Data security and privacy have always been at the forefront of development of the Chorus platform and solutions. This will continue to be the case with the application of the General Data Protection Regulation (GDPR).
Encryption at device level
Communication between devices and the platform is encrypted end-2-end by 256-bit AES symmetric key to prevent man-in-the middle attacks and backdoors.
Encryption of travelling data
Messages are always encrypted and authenticated by Transport Layer Security (TLS) – including data transferred from the vyzVoice data stores back to the user’s browser.
Encryption at rest
vyzVoice encrypts customer data stored at rest by default, using 256-bit AES encryption, one of the strongest block ciphers available.
vyzVoice communication protocol does not rely on a direct communication between devices and the platform, but uses a secure message broker system.
Through the gateway dispatcher, customers can define which datapoints and registers are exposed and ensure that data can only leave the premises if they have granted consent.
The vyzVoice communication protocol accepts only a pre-defined set of authorized commands to prevent it from exposing features of the underlying protocols.
Private Cloud instance
Without losing the scalability and flexibility of the cloud, Chorus can be deployed in a dedicated cloud instance, with a site-2-site VPN restricting the access to your data to within your premises.
User Access Management
Integrated user authentication and authorization controls ensure full security in access to the platform and data.

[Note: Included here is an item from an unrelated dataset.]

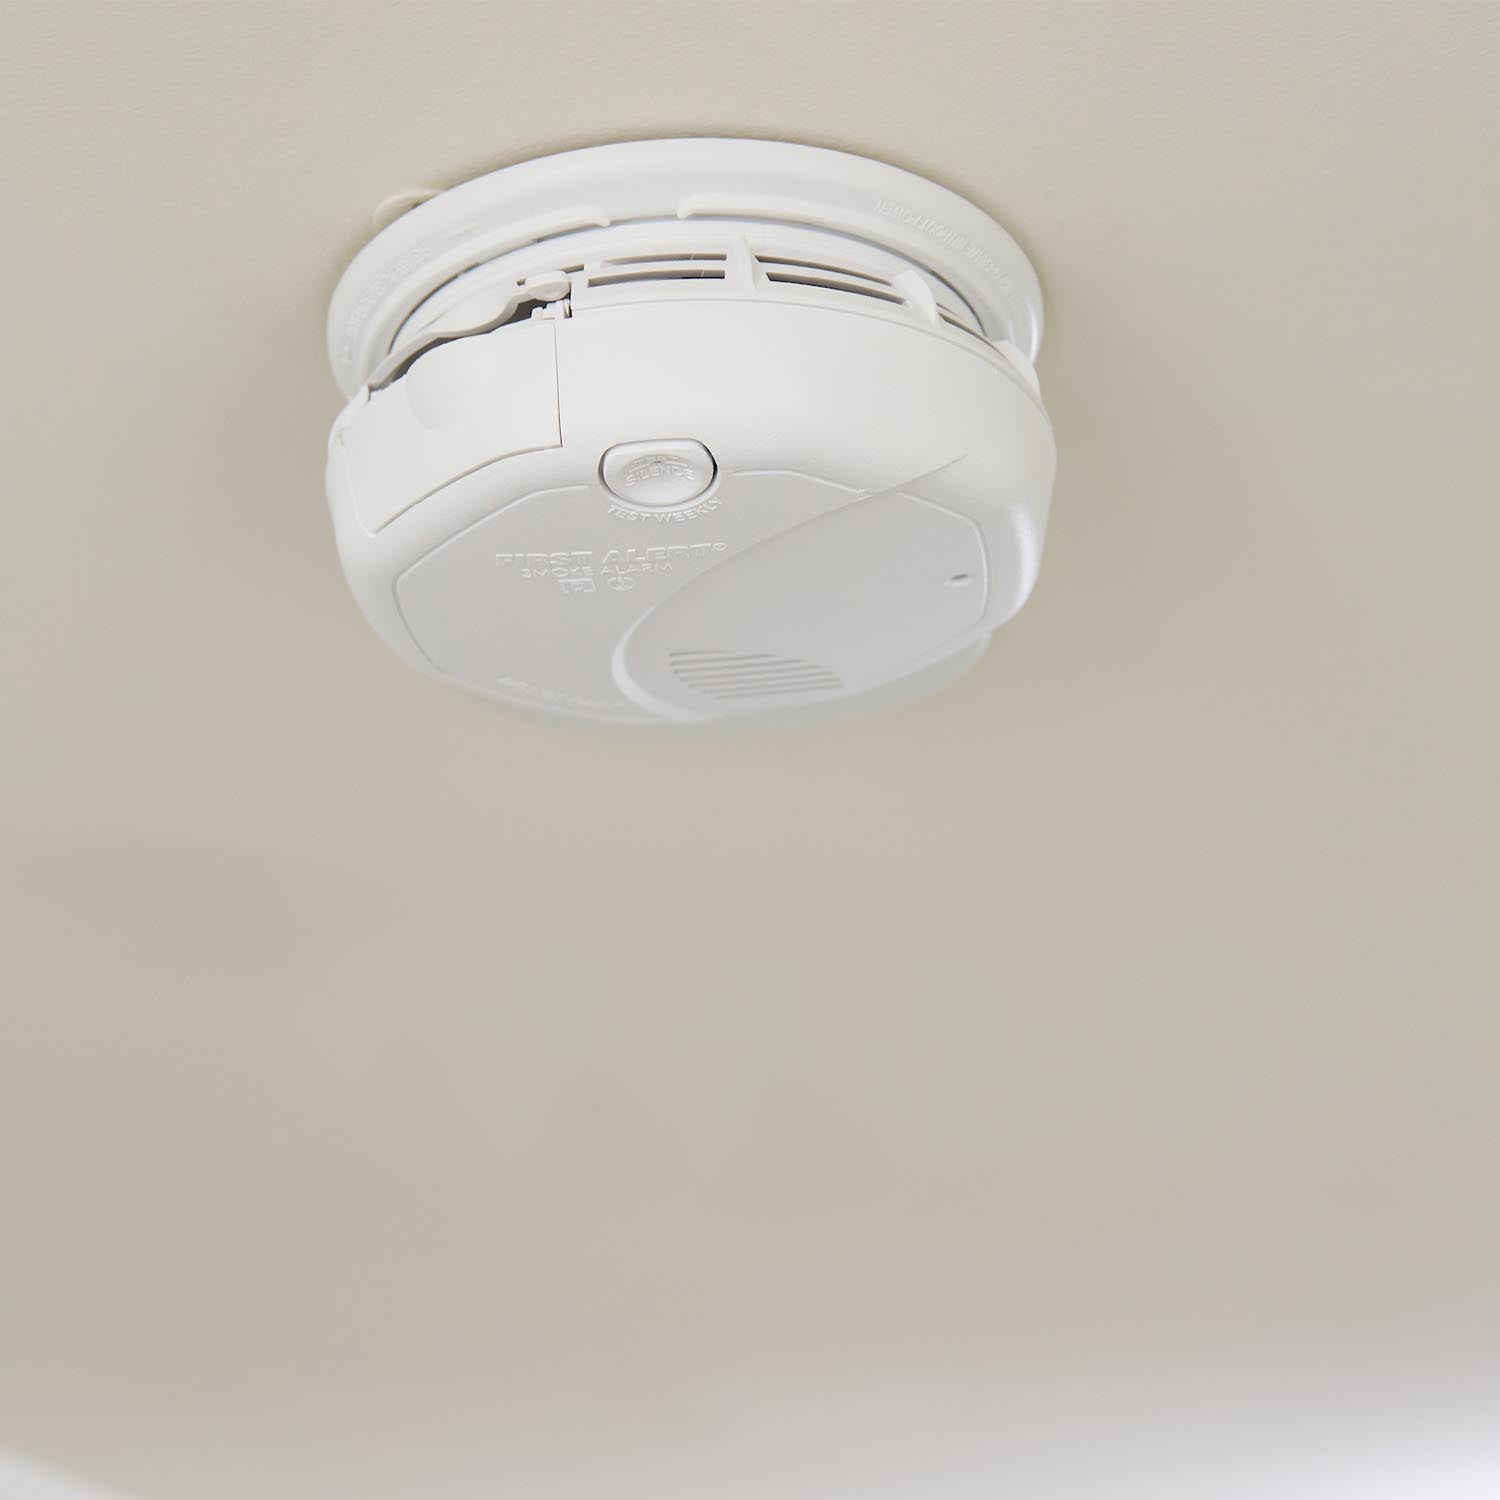 White Smoke Detector Battery Operated W/ Ionization/Photoelectric Dual Sensors

In our own operations, we also apply stringent data protection practices.
At vyzVoice, internal policies and processes are designed and implemented to secure customer, company, and employee information. In all cases involving personal data, our policies and procedures adhere to the privacy and security standards of the GDPR.
We have built a strong information security culture within vyzVoice. Starting at initial company orientation, all employees participate in regular on-going training on data privacy and security. Policies and procedures are reviewed and reinforced regularly ensuring best practices are observed and the GDPR respected.